Today, Atkins is out of the airport business and back with his construction company, he says. White filed for bankruptcy, and after four months out of a job, he went to work as an independent accountant.


One of the most disturbing chapters in Redbird Development's history had taken place a year before its lease was canceled; again, it involved the company's relationship with City Hall.

In the fall of 1998, Atkins met with city council member Barbara Mallory Caraway to begin negotiating a new lease, according to Atkins' lawsuit. Atkins was looking for new terms to help attract investors, and once again, he wanted a break on the rent. The council passed the new lease in March 1999, and it was signed the following May.

"Tennell is dedicated to the development and success of that airport," Mallory Caraway told the council in urging passage of a new 30-year deal. "He has lost hair.
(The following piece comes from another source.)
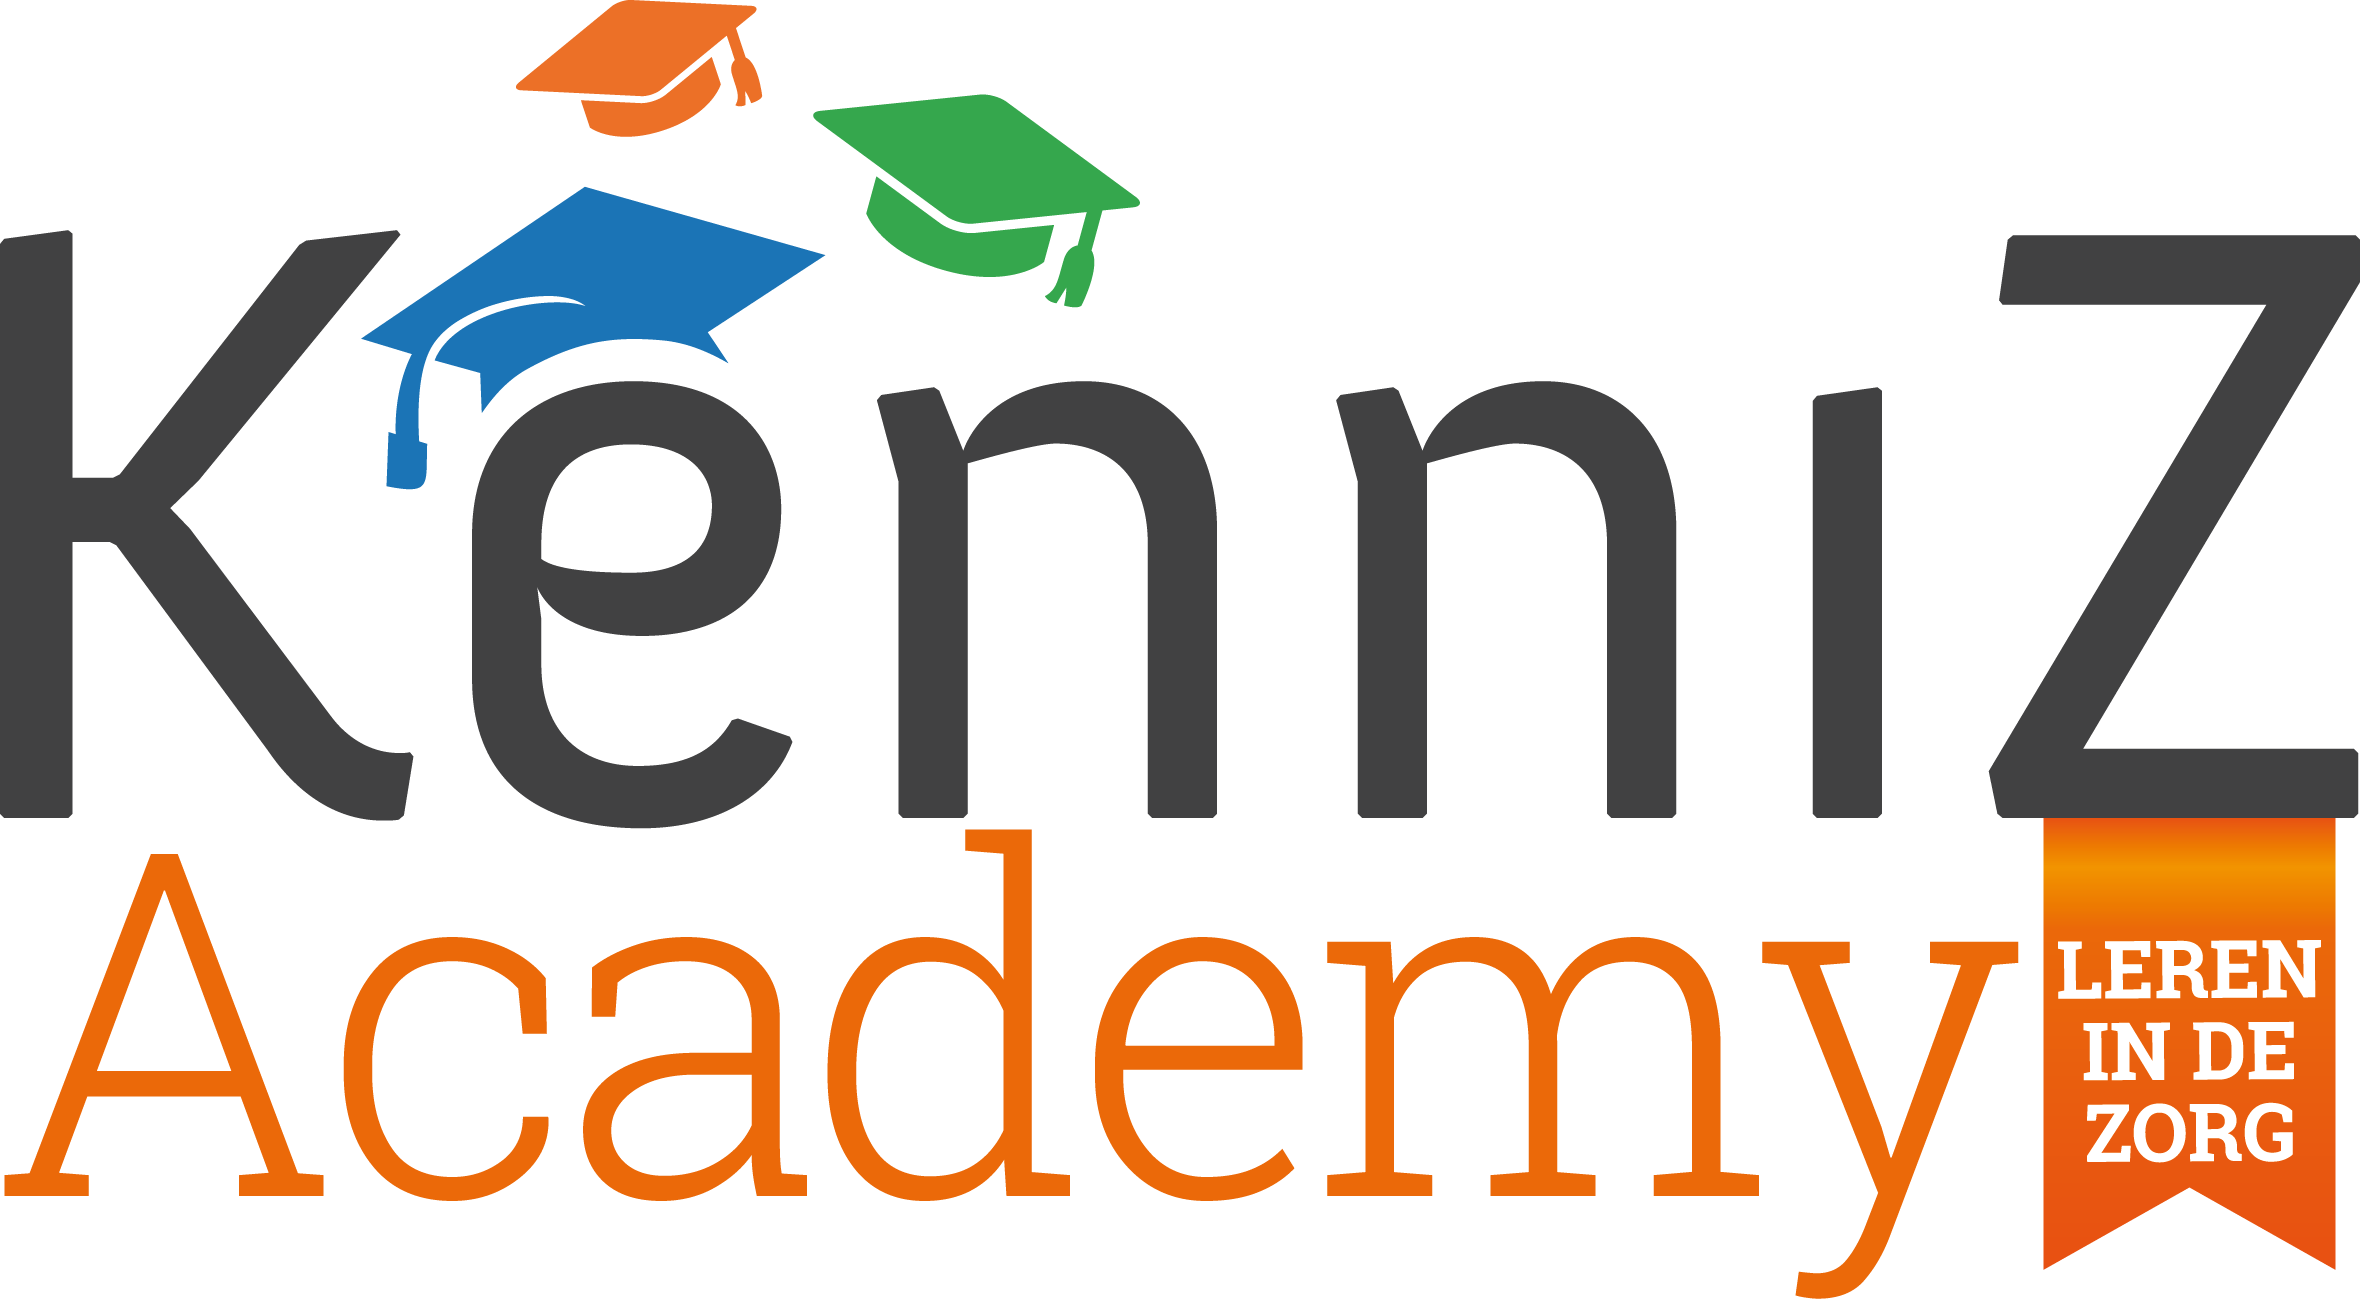 KenniZ Academy

He has turned gray. He has really, really tried."

Atkins' home-district champion, Al Lipscomb, also helped behind the scenes on the new lease, letters show. But Lipscomb, in poor health and facing federal charges that he accepted bribes from a cab company owner, abstained from voting on Atkins' new lease, citing a conflict of interest. By then Atkins had signed on as the head of Lipscomb's re-election campaign.
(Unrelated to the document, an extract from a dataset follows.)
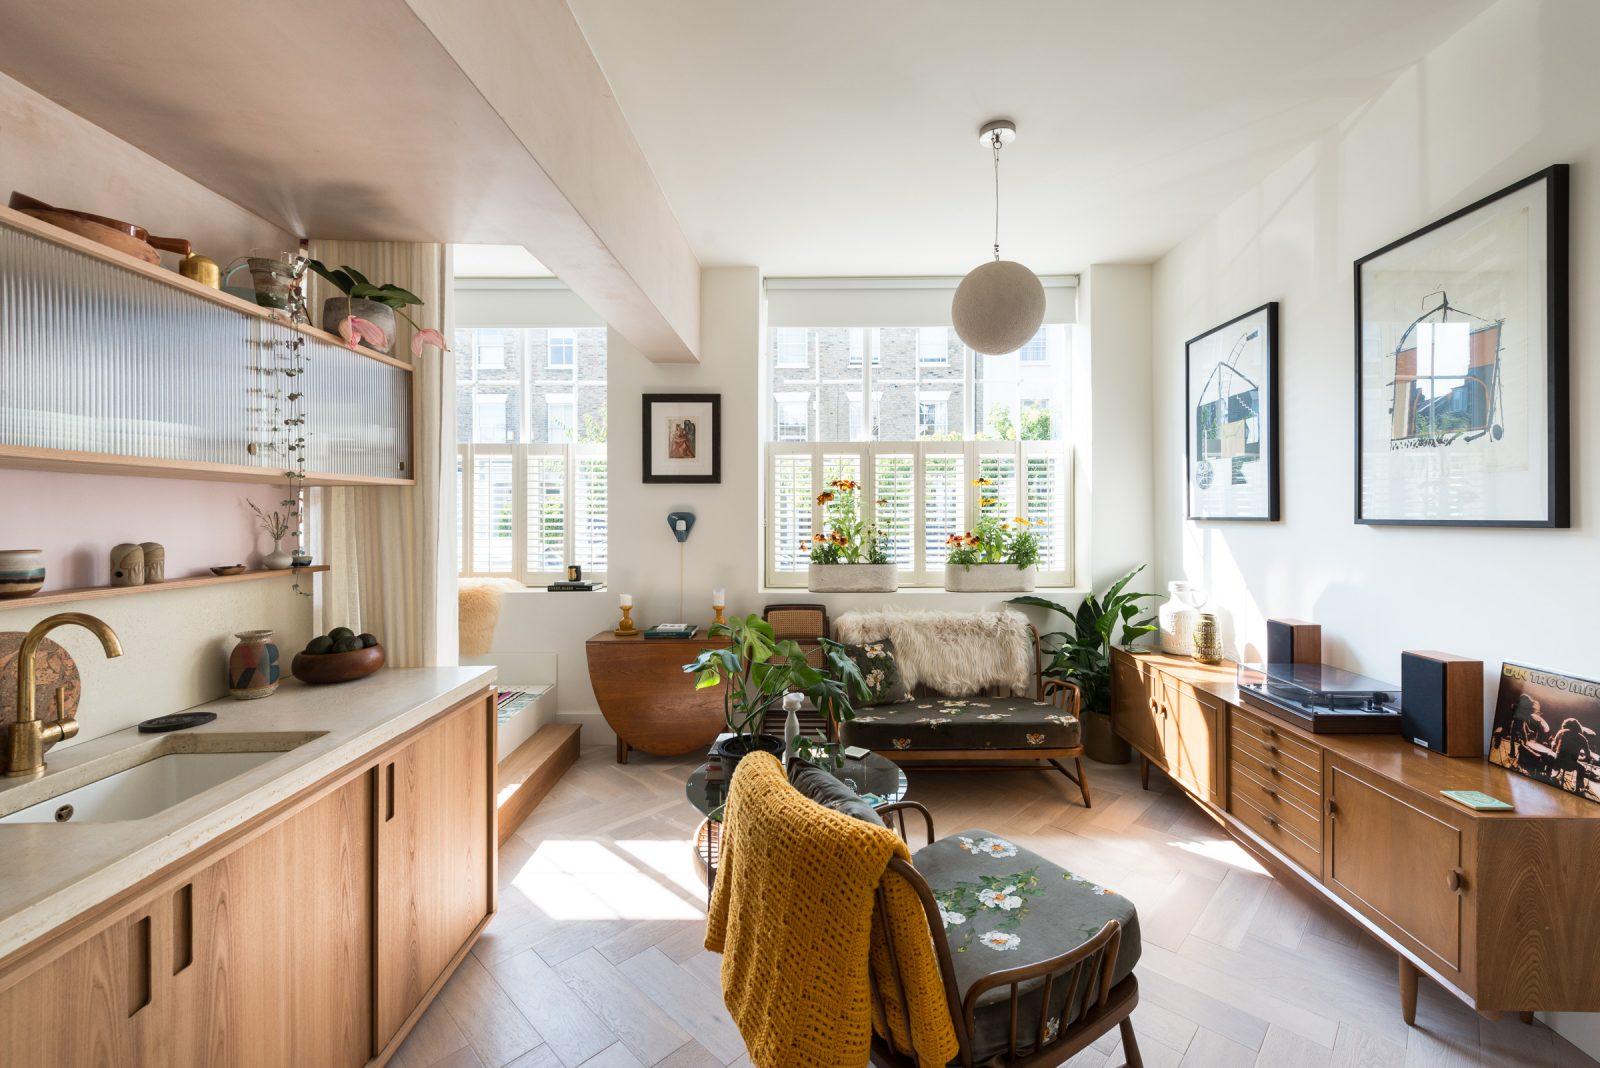 Wilton Way, The Modern House

There was nothing odd about Caraway talking to Atkins. As chair of the council's transportation and telecommunications committee, she had an interest in the city's business at Redbird.

The arrival of Caraway's husband, Dwaine Caraway, at the airport a few months later is another matter, though, one involving a clear conflict of interest and accusations of a shakedown.
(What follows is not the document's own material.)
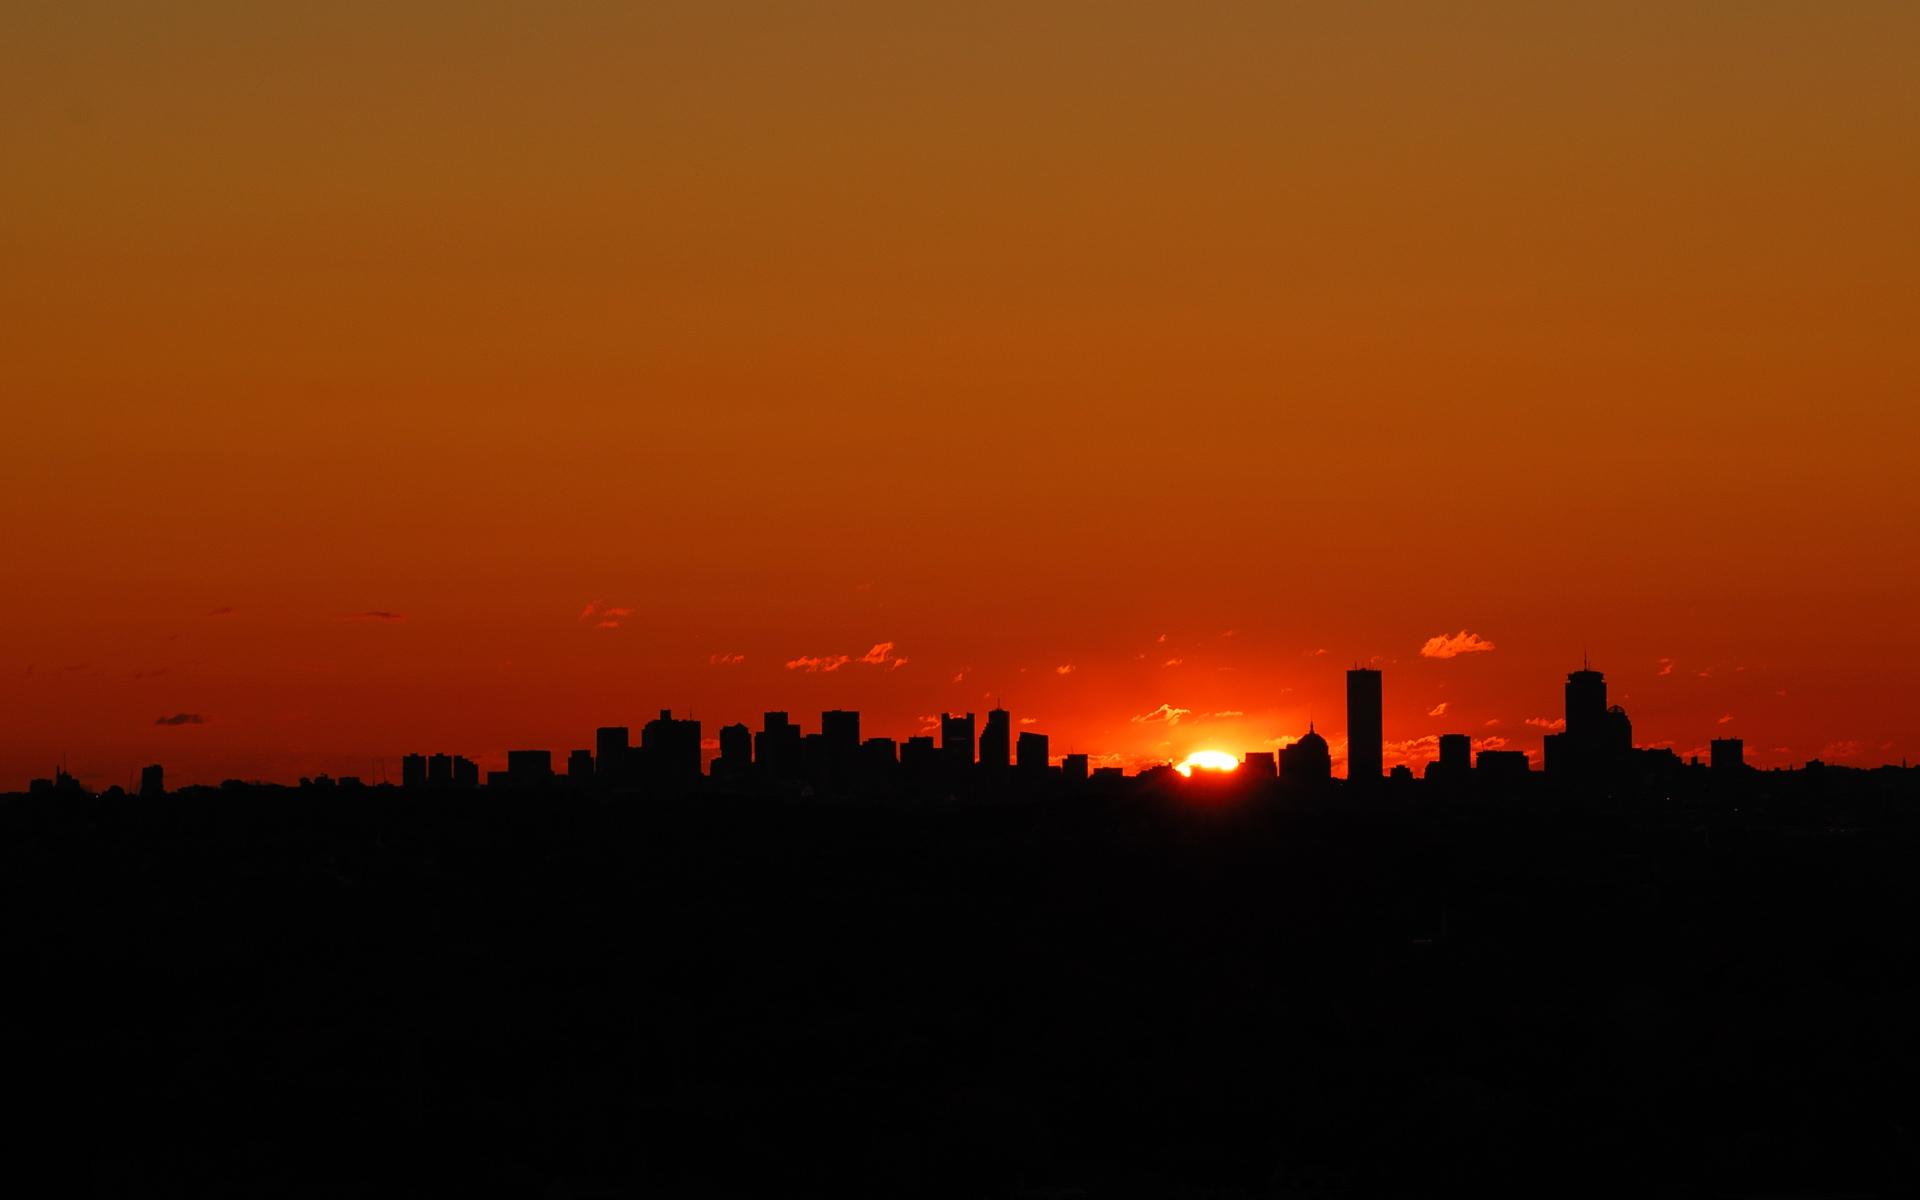 city sunset wallpaper 7106 - photo #18

Redbird's short Caraway chapter began last summer, after Atkins fell into arrears on his new rent. His new attorney, Jeffrey Tillotson, claimed in a letter to the city last February that the business had expected to yield a yearly profit of between $250,000 and $300,000 under its new lease. Although there is no way to verify those numbers, Shirley Day assured the city in her letter to Miguez that there was plenty of revenue coming in to cover the company's rent.

Nonetheless, Redbird still was not paying on time, and Atkins went out and got a loan. Over the years, he says, he had borrowed money where he could. Billy Hamilton, owner of a quick-change oil shop, says he loaned Atkins about $25,000 in 1995. He was supposed to pay it back in a year but he hasn't yet. "You know, Tennell's a brother and I'm a brother. I said, 'Here's a chance to help a brother and give somebody some ambition, some inspiration.' We'd all do well if we reach out and help," says Hamilton, who says he's still hopeful that Atkins will repay the loan. "I haven't sued him yet," he says, sounding like he never will.

Caraway says much the same sentiment led him to introduce Atkins to Vernon Jordan, the owner of an Irving construction company. "He was a struggling entrepreneur searching for assistance so he could hold onto the lease," says Caraway, a member of the Dallas park board and president of the Profile Group, an advertising and political consulting firm.

Jordan offered a $40,000 revolving line of credit to bridge the gap between the time Redbird Development's rent was due and when tenants' payments came in. They made the deal and drew up the note.

About 10 days later, Atkins says, "He [Caraway] says, 'By the way, you know, I did you the favor. There's a fee.'" Atkins says Caraway wanted $3,000. Although a fee was not discussed in advance, Atkins says, he paid it with hundred-dollar bills over three installments. "The first time it was at the office, the second time at his house, the third time was at the office," Atkins says, explaining that White drove him to Caraway's place to make the payment. Because of it, White didn't get his salary that week.